> **The data**:
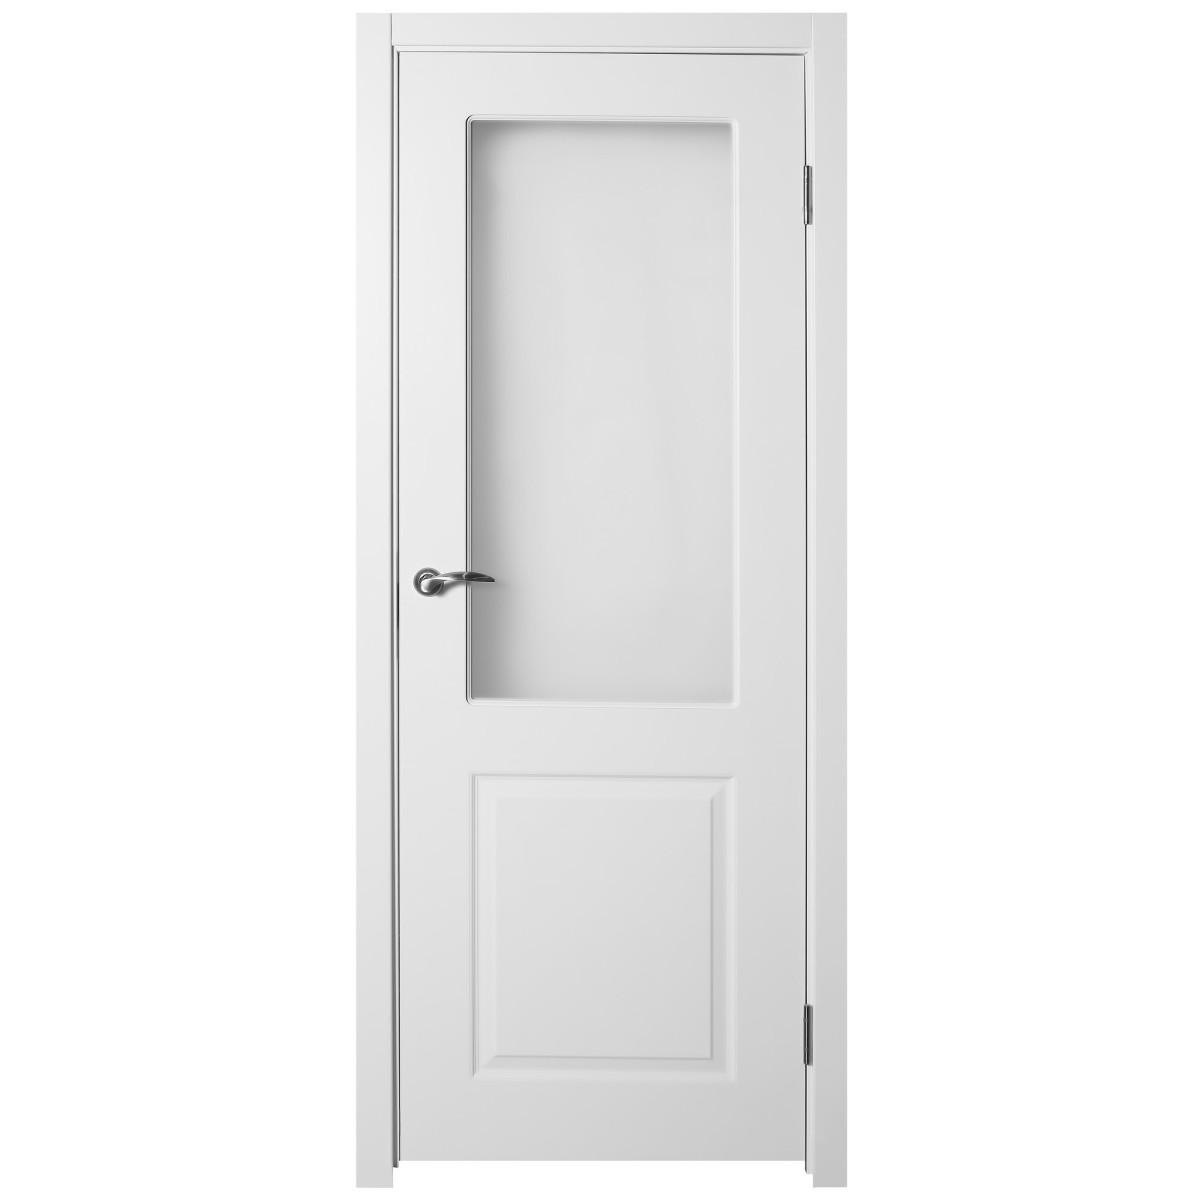 Дверь межкомнатная остеклённая Австралия 80x200 см цвет белый
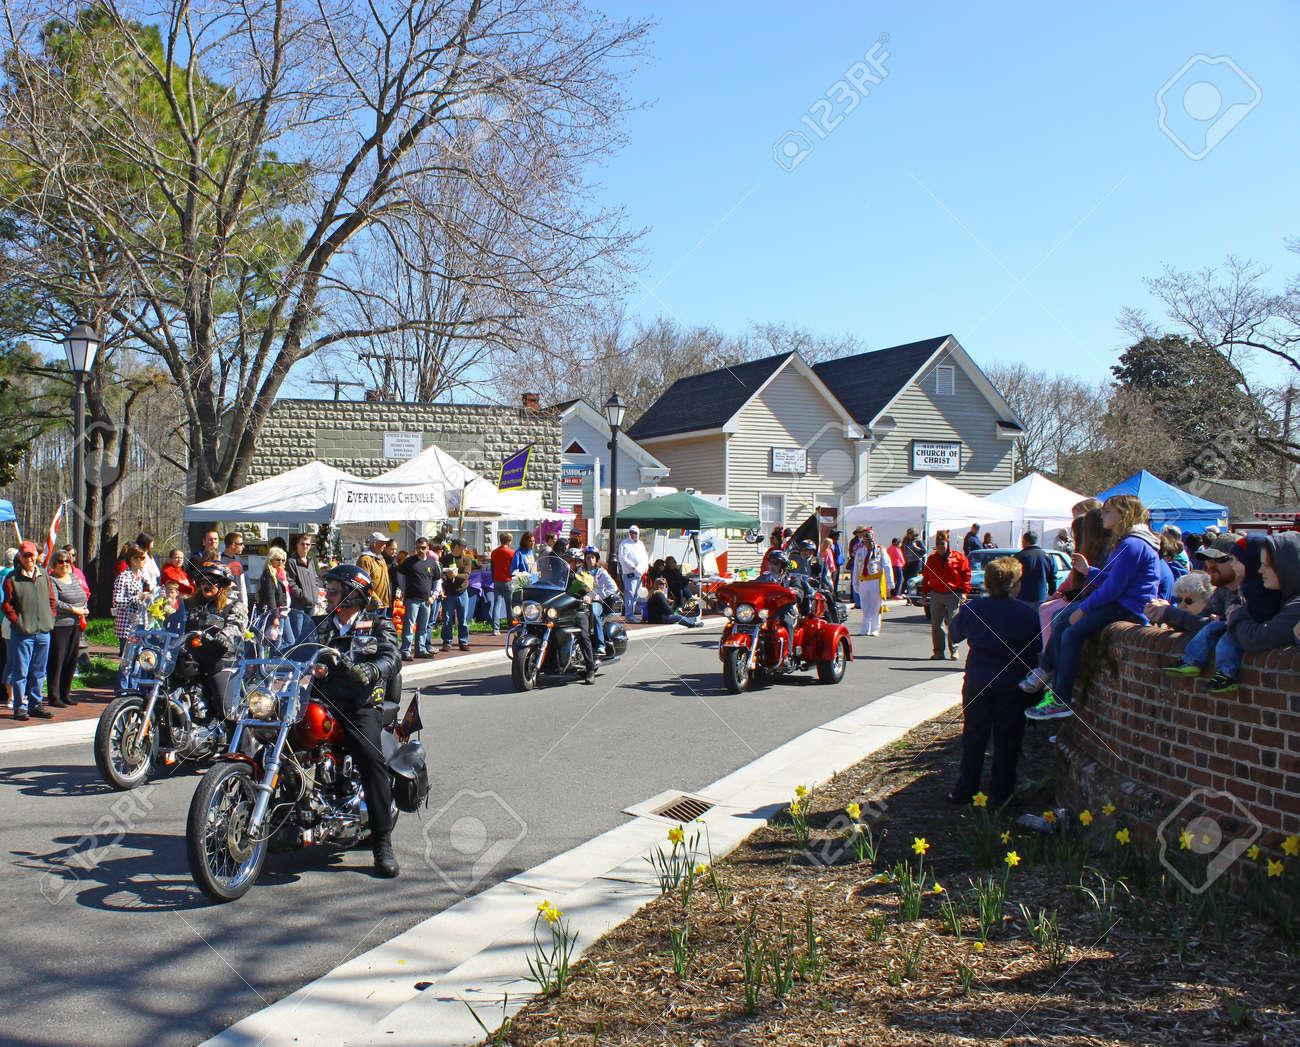 ... Virginie - 6 Avril  Hampton Roads Harley à La Parade De La Jonquille,  Le 6 Avril 2013, à Gloucester, En Virginie. Dans Sa 27e Année, Le Défilé  Annonce ... 5283d0874e8e
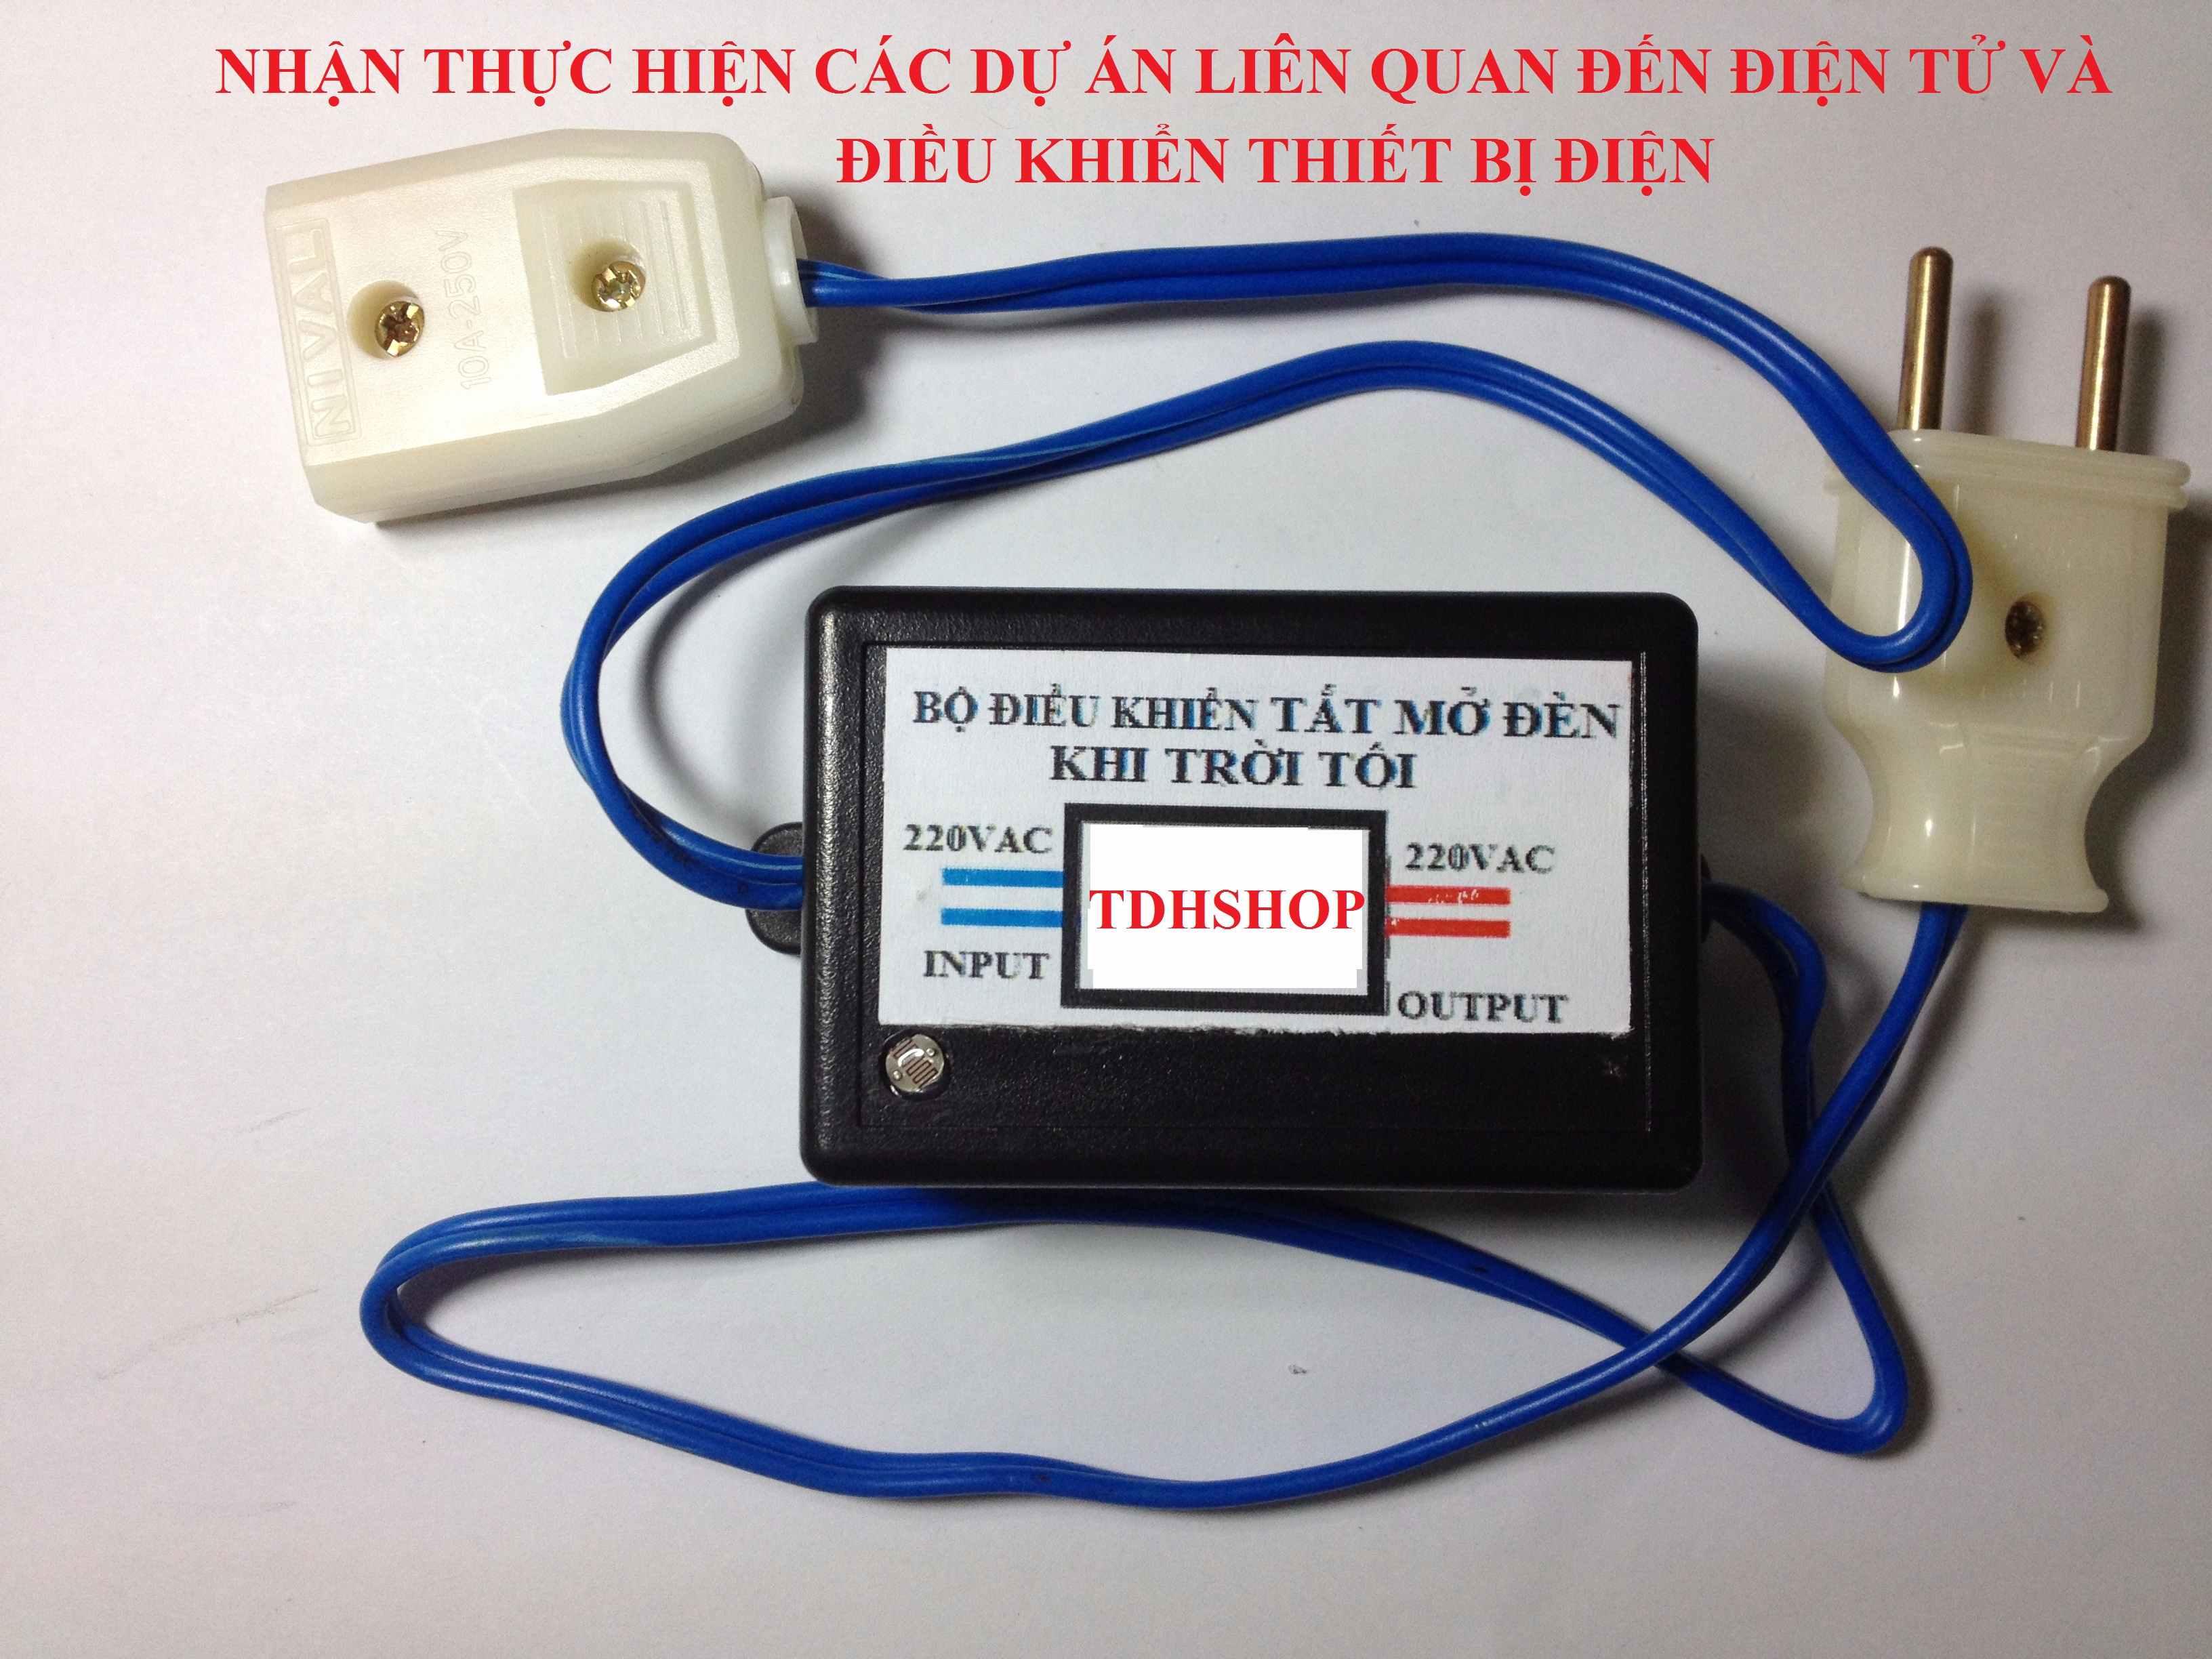 Bộ điều khiển tắt mở thiết bị điện khi trời sáng tối
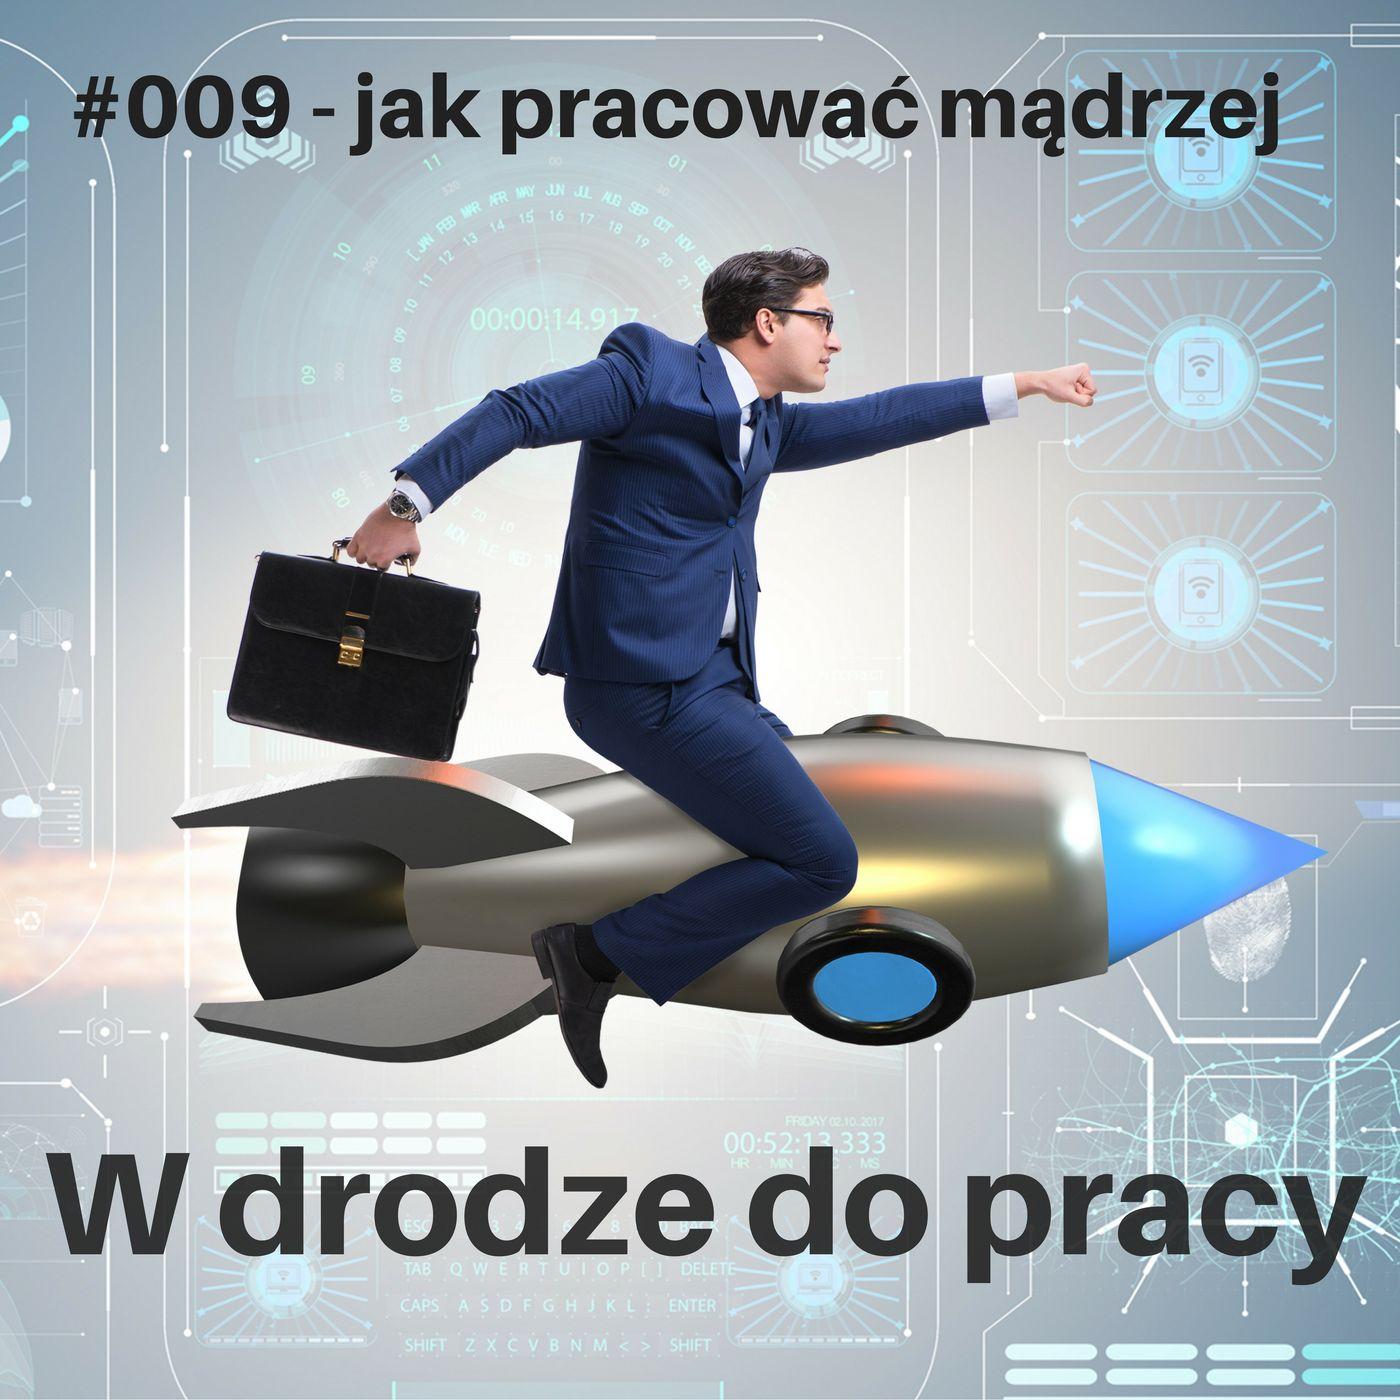 #009 - jak pracować mądrzej, czyli jak usprawnić organizację pracy

> **What is expected**:
Except for the pictures, give the data again word for word.

> **Answer to this task**:
 Дверь межкомнатная остеклённая Австралия 80x200 см цвет белый
 ... Virginie - 6 Avril  Hampton Roads Harley à La Parade De La Jonquille,  Le 6 Avril 2013, à Gloucester, En Virginie. Dans Sa 27e Année, Le Défilé  Annonce ... 5283d0874e8e
 Bộ điều khiển tắt mở thiết bị điện khi trời sáng tối
 #009 - jak pracować mądrzej, czyli jak usprawnić organizację pracy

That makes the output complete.